TASK STATEMENT: Repeat all of the data word for word so that only the pictures are missing from the copy.

DATASET EXTRACT:
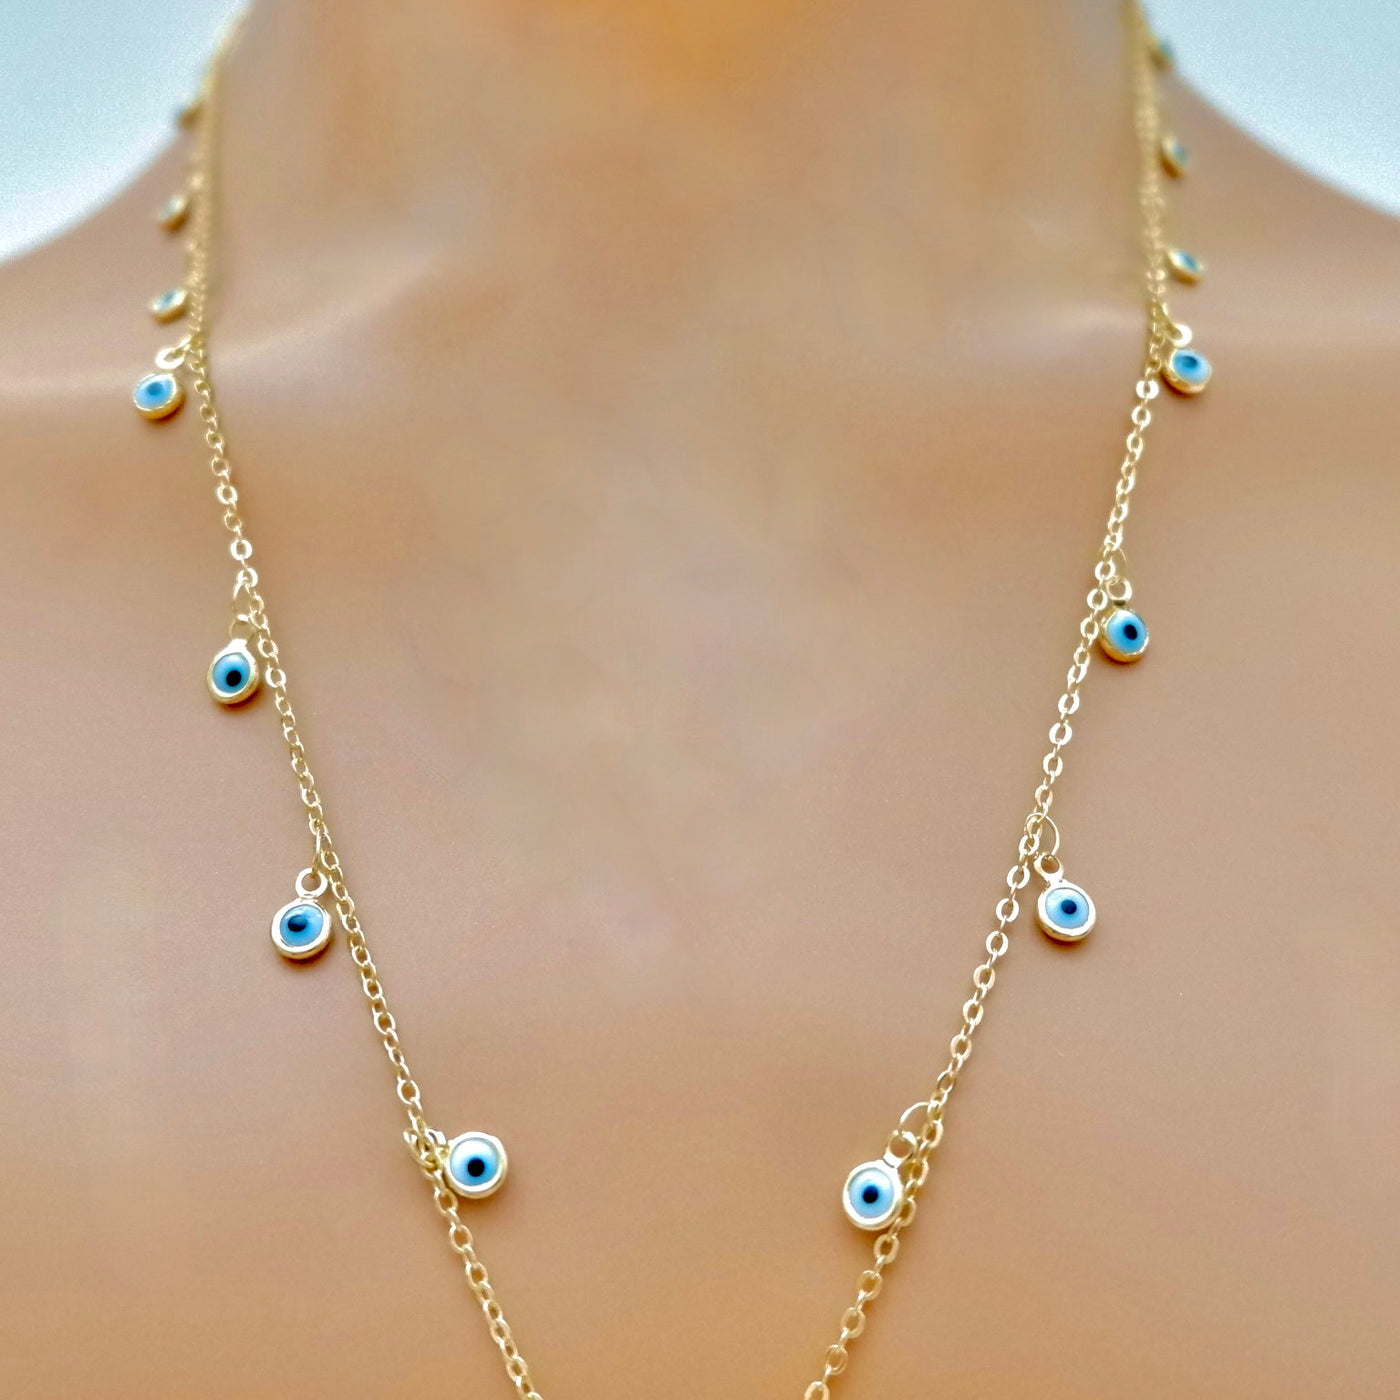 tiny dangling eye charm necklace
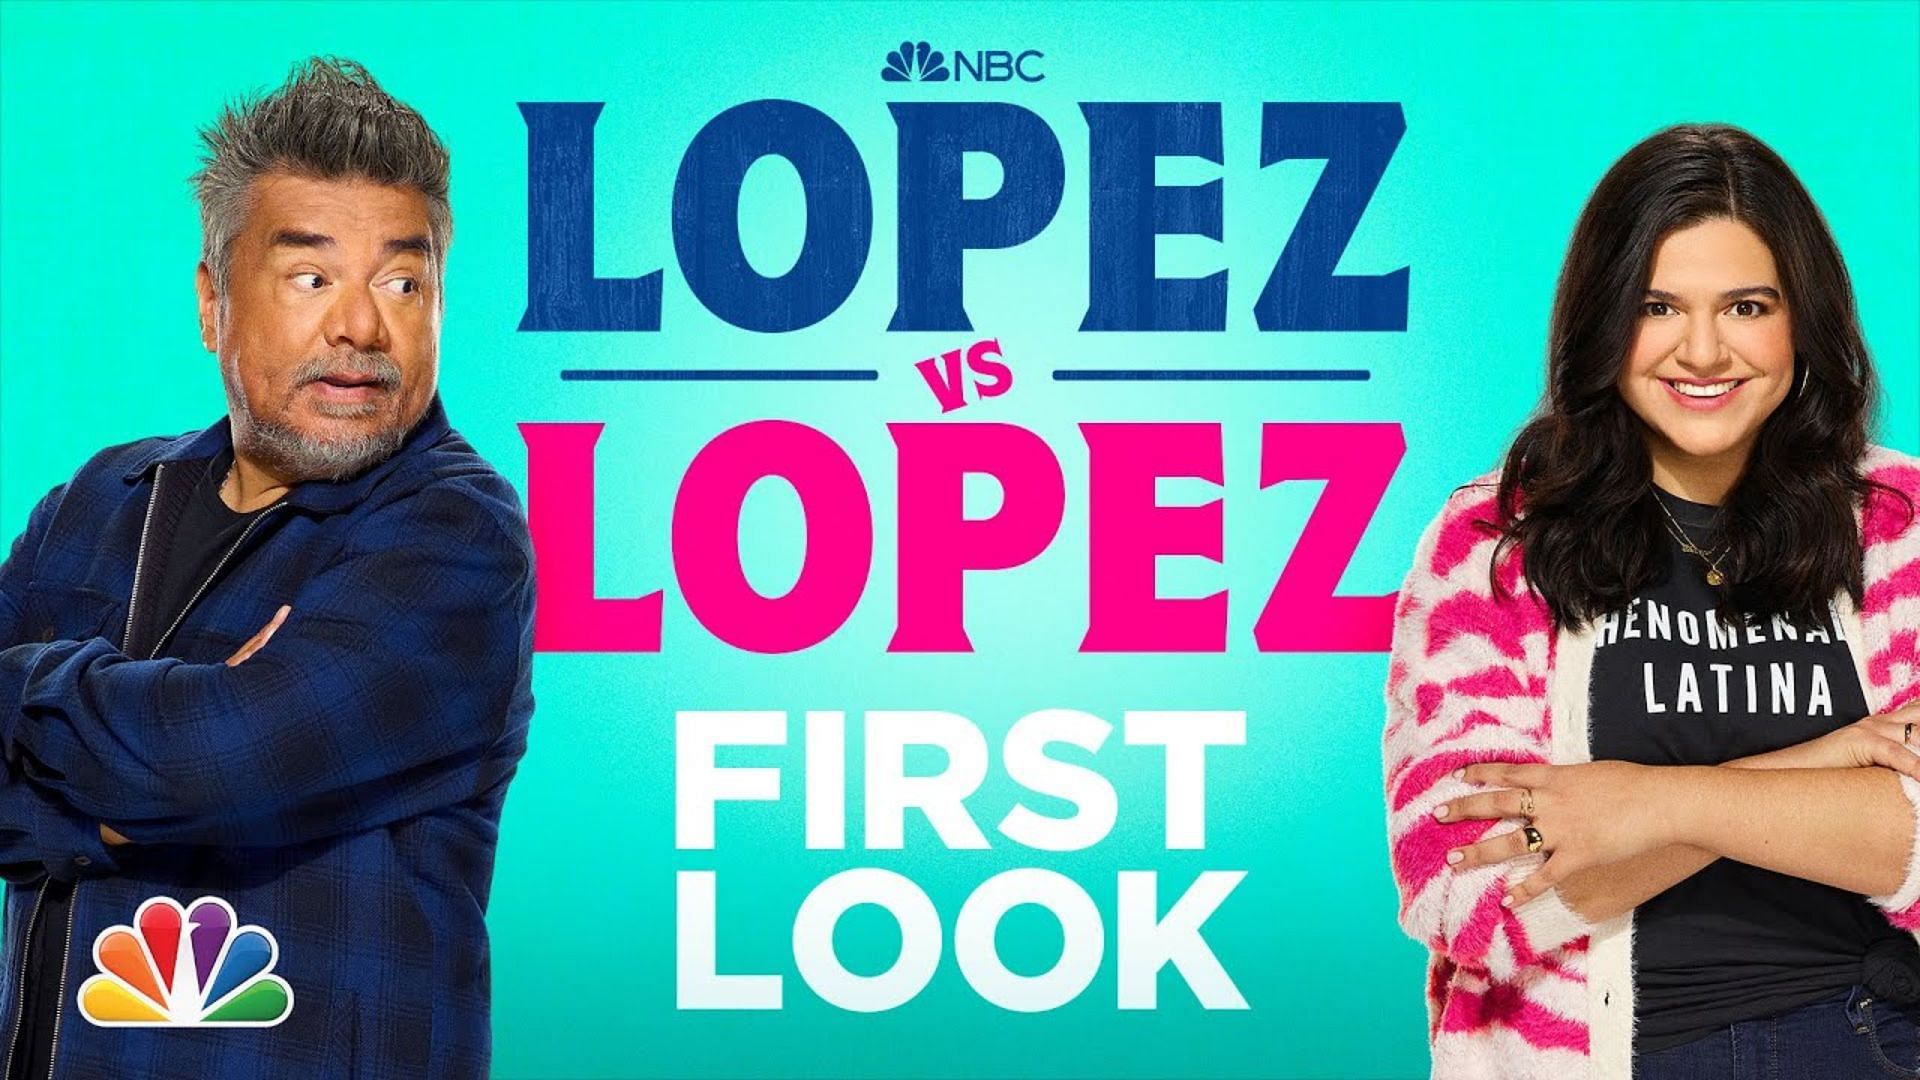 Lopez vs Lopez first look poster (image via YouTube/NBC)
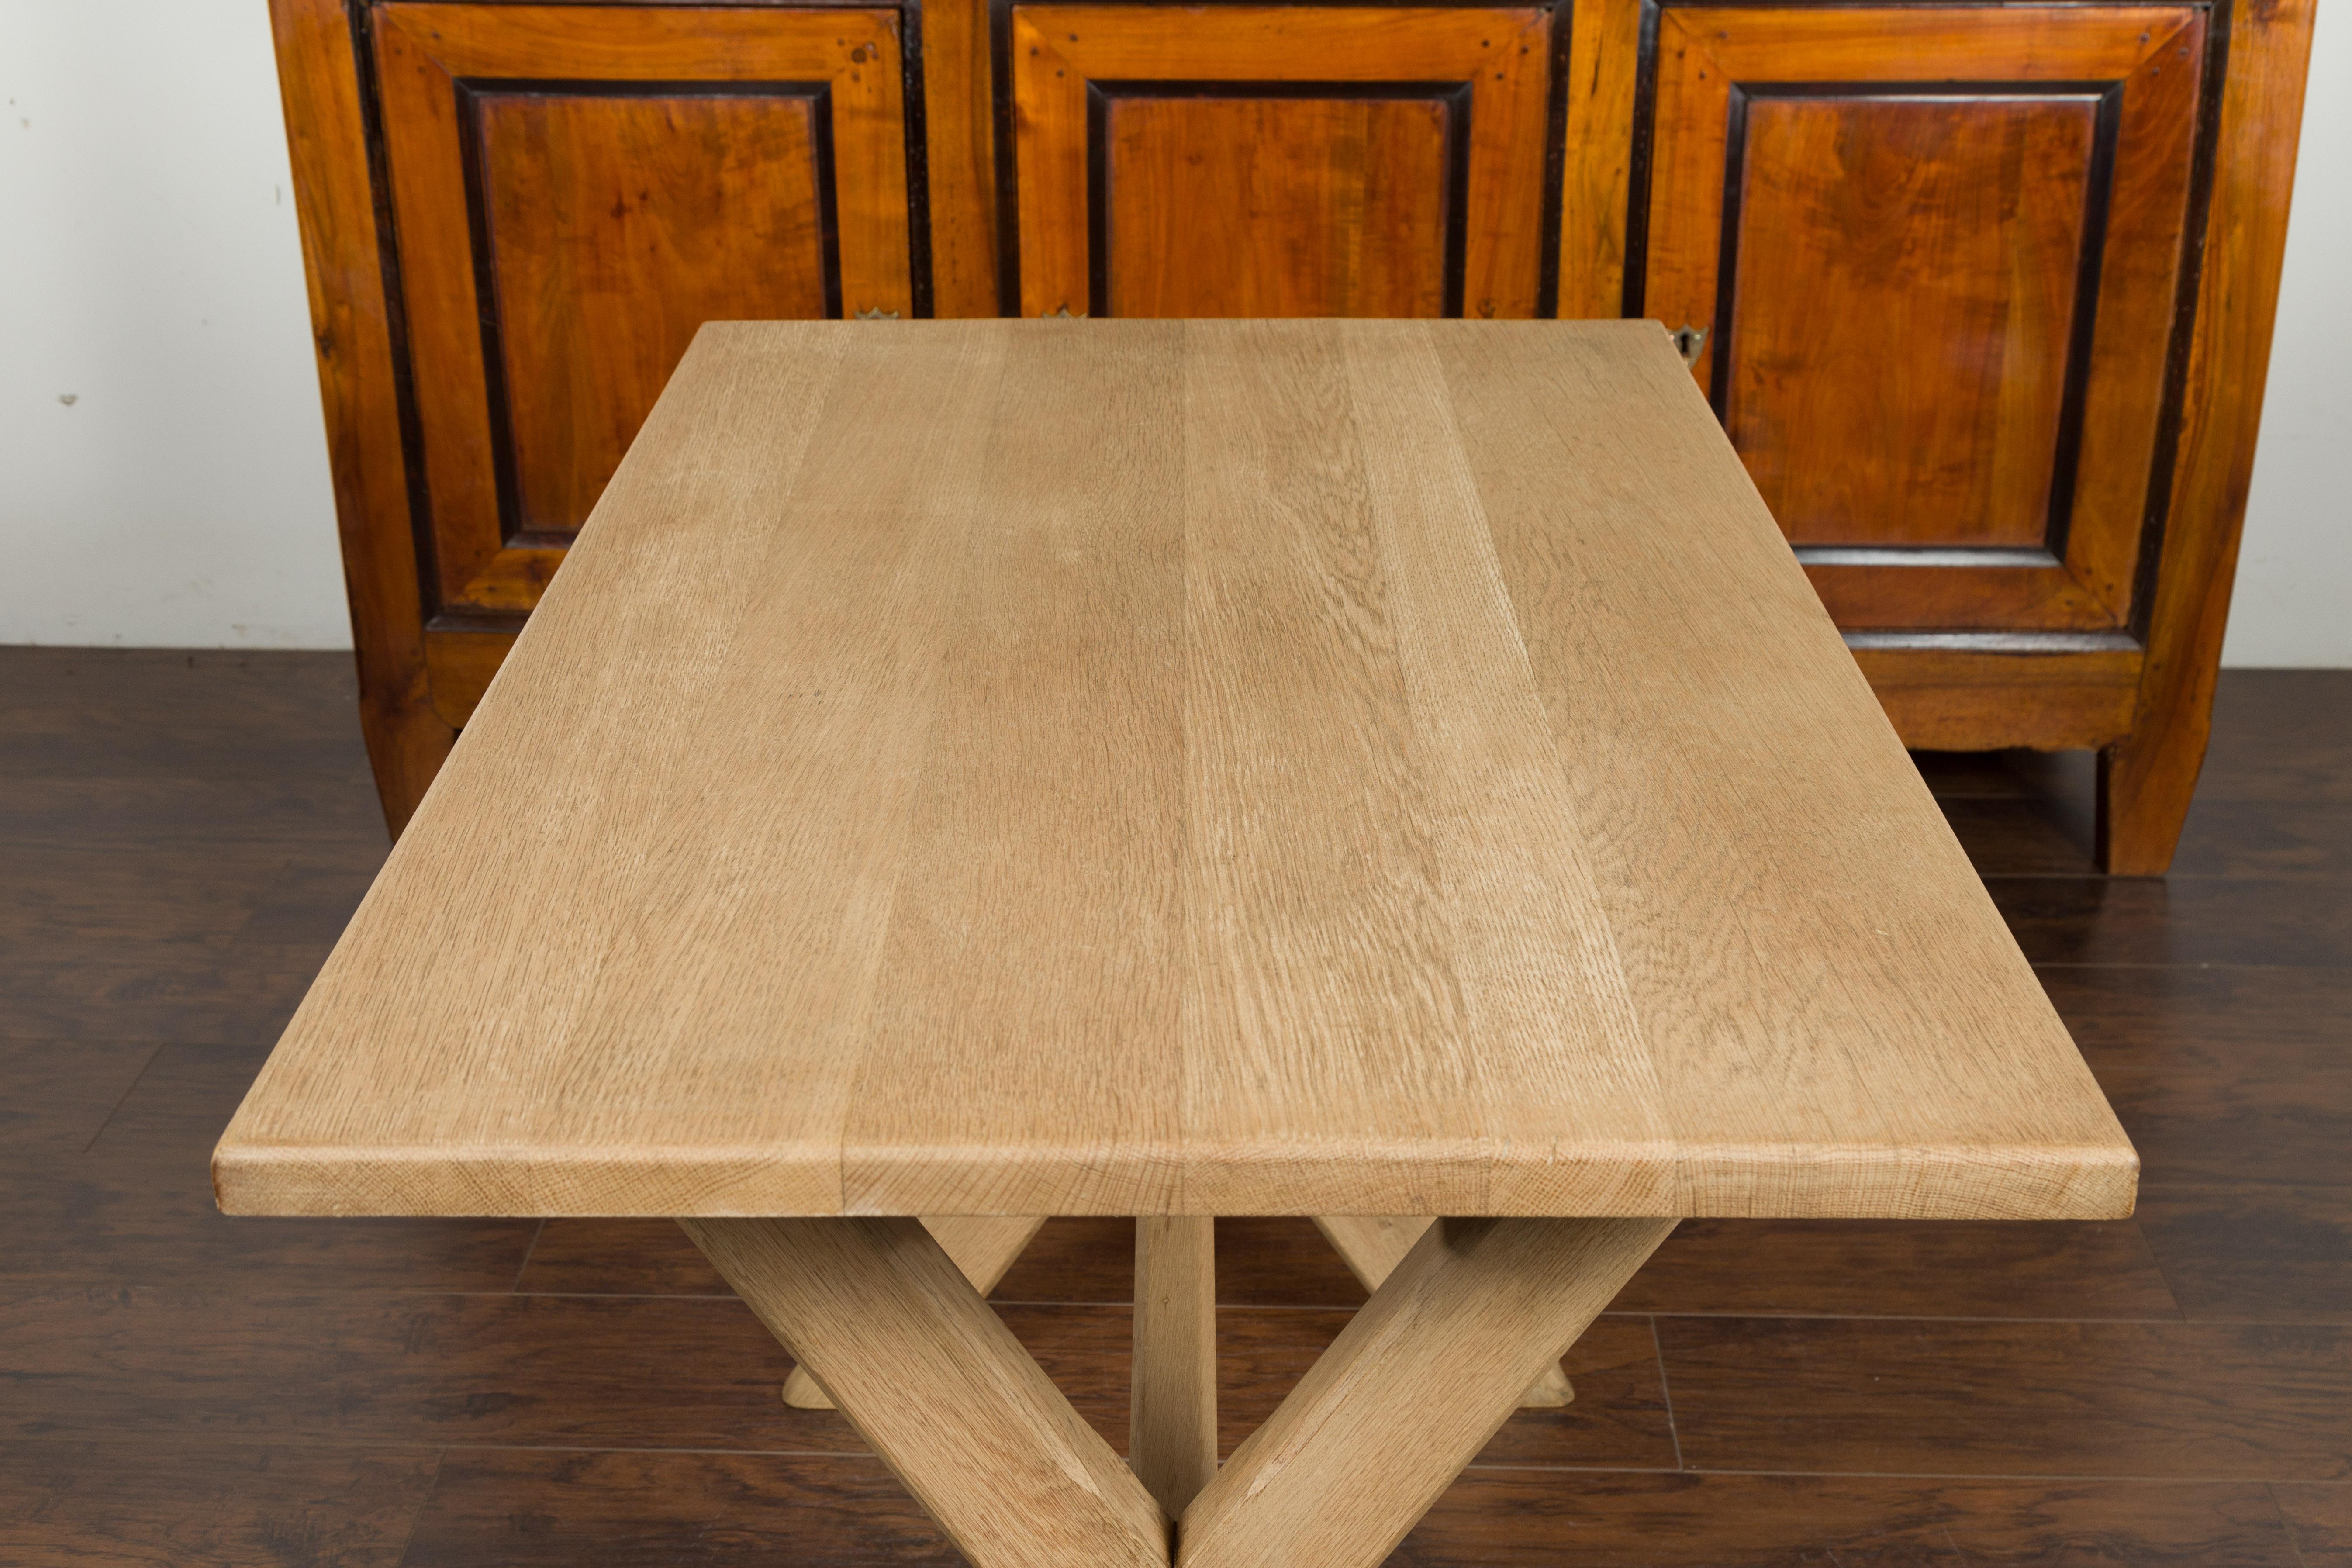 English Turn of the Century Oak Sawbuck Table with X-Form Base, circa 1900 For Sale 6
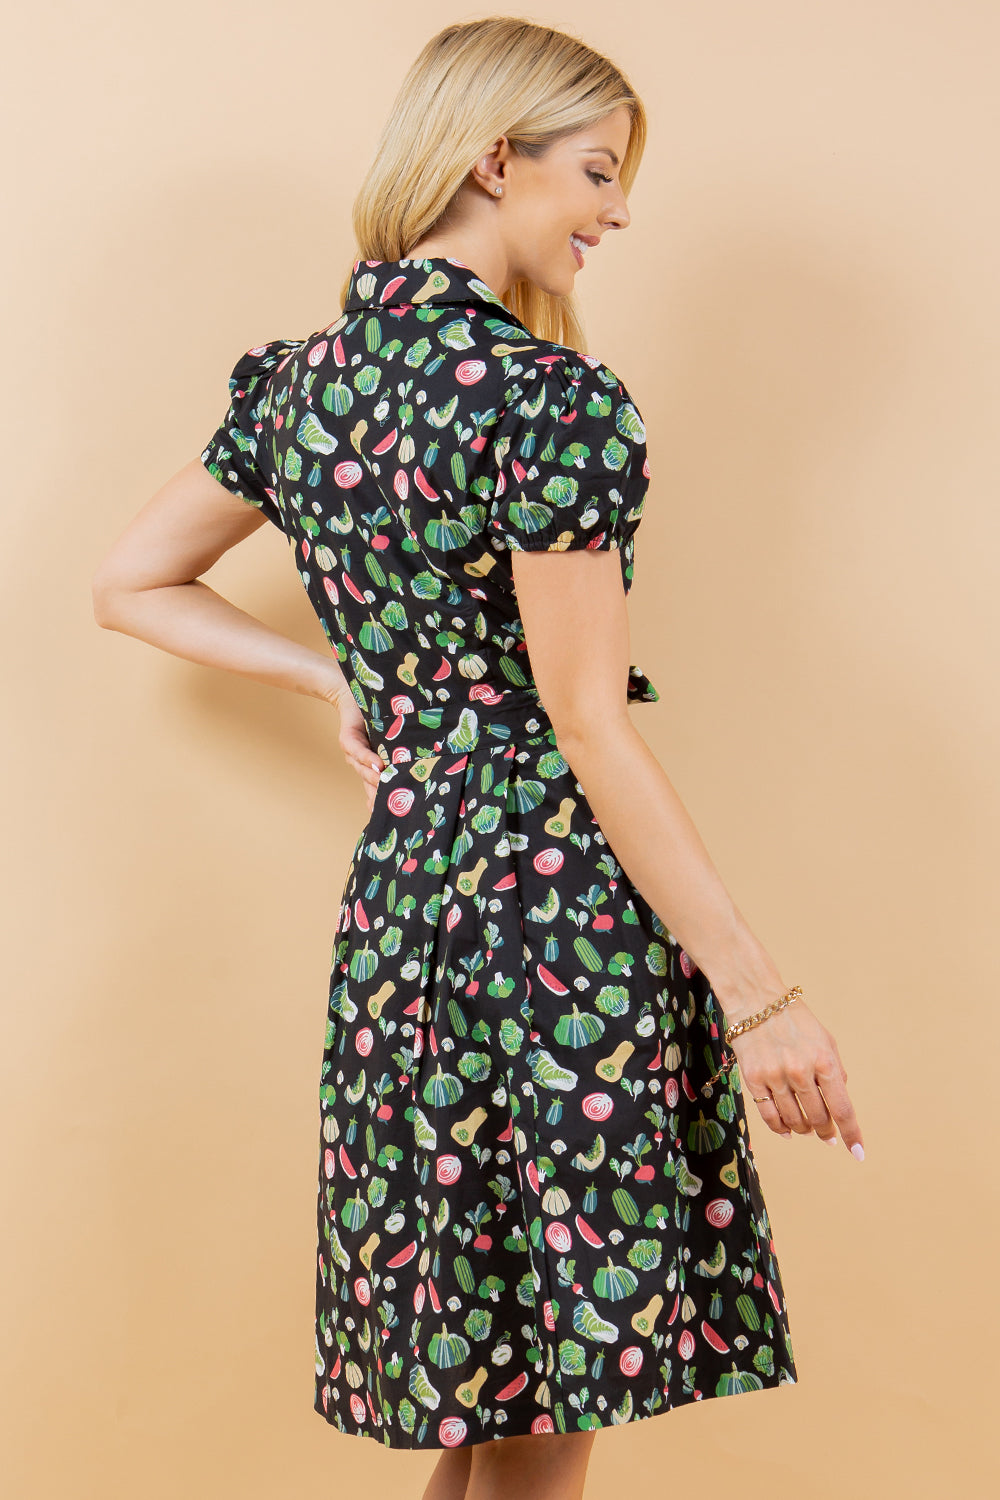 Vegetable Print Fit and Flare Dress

RESULT FOR THIS TASK:
 tiny dangling eye charm necklace
 Lopez vs Lopez first look poster (image via YouTube/NBC)
 English Turn of the Century Oak Sawbuck Table with X-Form Base, circa 1900 For Sale 6
 Vegetable Print Fit and Flare Dress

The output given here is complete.